Affirmation of Maine’s credit ratings come as other states struggle to mitigate the economic impacts of COVID-19
Governor Janet Mills and State Treasurer Henry Beck announced today that Moody’s Investors Service and S&P Global Ratings, global companies that analyze and issue reports of credit worthiness, have affirmed their strong credit ratings and stable outlooks on the State of Maine’s general obligation debt. Moody’s affirmed both their Aa2 rating and stable outlook while S&P affirmed their AA rating and stable outlook.
In its affirmation, S&P praised Maine’s “active budget management” and the State’s “steady progress in strengthening its reserve profile” while noting that the State’s cash pool is “very good.” Moody’s stated that Maine has a “strong financial position with adherence to governance best practices.” The affirmation of Maine’s ratings comes as at least 22 states’ ratings and outlooks have been downgraded (PDF) amid the economic impacts of the COVID-19 pandemic.
“Our Administration’s prudent fiscal management during the pandemic, coupled with Federal support and the efforts of Maine people, has sustained revenues, ensured the continuation of programs and services so important to Maine people, and allowed us to keep pace with our obligations, all while giving money back to the taxpayers through revenue sharing, tax fairness credits for property taxpayers, and relief for those hardest hit by the pandemic,” said Governor Janet Mills. “These stable ratings demonstrate that Maine is in a solid financial position, our economy is recovering, and our state is a worthy investment.”
“I am pleased to report these stable ratings and that S&P recognized the strength of the Treasurer’s Cash Pool, which we have carefully managed during this turbulent time,” said Henry Beck, Maine State Treasurer. “Our finances are healthy because of decisions by Governor Mills and the Legislature, bold federal investment, and the hard work and innovation by Maine people and businesses that makes Maine’s economy run.”
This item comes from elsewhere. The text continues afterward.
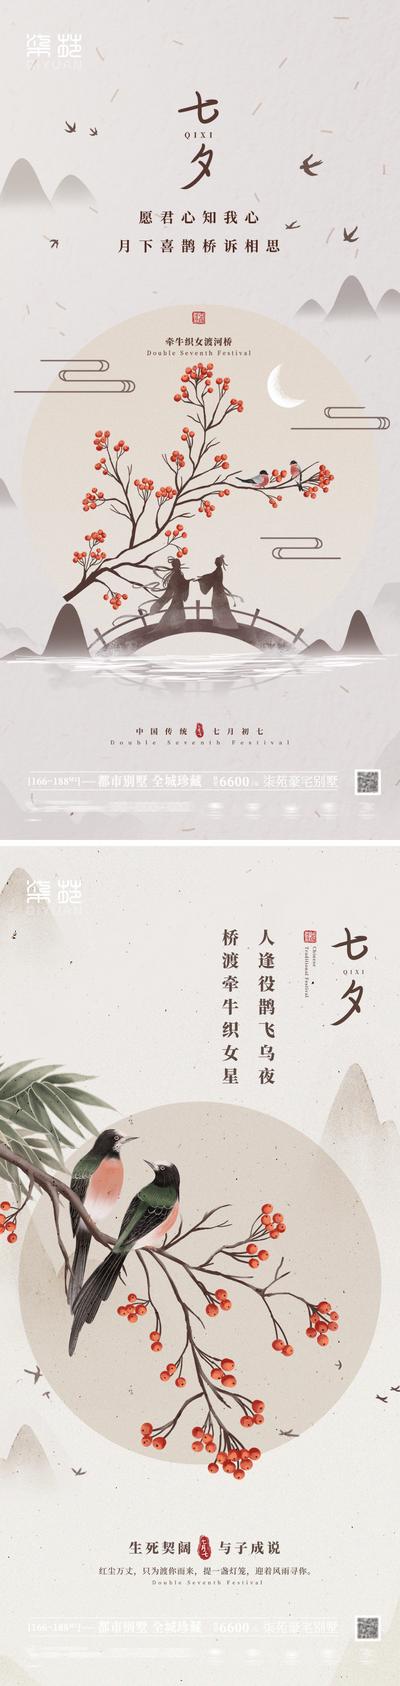 南门网 海报 地产 中国传统节日 七夕 情人节 牛郎织女 鹊桥 插画 系列

In May 2020, amid the pandemic, Moody’s and S&P both reaffirmed Maine’s stable bond ratings, praising at the time Maine's adherence to governance best practices and writing that “Maine’s active budget management and good reserve profile will help the state to navigate through the economic uncertainty and stresses brought on by the COVID-19 pandemic.”
Last month, Maine’s nonpartisan Revenue Forecasting Committee upgraded the State’s General Fund revenue forecast (PDF) to a level surpassing the amount of revenue that had been forecasted prior to the onset of the pandemic.
Additionally, despite the impacts of COVID-19, the Budget Stabilization or “Rainy Day” Fund has grown under Governor Mills’ tenure by more than $50 million, to a record high of $267.9 million. Governor Mills has proposed depositing another $52 million into the Fund, which, if approved, would grow the Fund to $319.9 million, an increase of more than $111 million during her tenure.
“Today’s positive ratings are a testament to this Administration’s disciplined budgeting approach and the impact of Federal relief,” said Kirsten Figueroa, Commissioner for the Department of Administrative & Financial Services. “Coupled with low interest rates, Maine is financially well positioned to undertake a bond offering.”
Treasurer Beck, Commissioner Figueroa, the State Economist, and other members of the Executive Branch presented to Moody's and S&P via telephone on May 18, 2021. State Treasurer Henry Beck intends to conduct a bond sale in June of 2021 that will fund approximately $117 million in voter-approved projects.
Initiatives benefiting from the bond sale include ports, harbors, marine transport, aviation, freight, rail, transit and pedestrian/bicycle trails; high speed internet infrastructure for unserved and underserved areas; the University of Maine System, DEP competitive grant program to upgrade municipal culverts at stream crossings; highway and bridge projects; and the University of Maine System and Maine Community College System.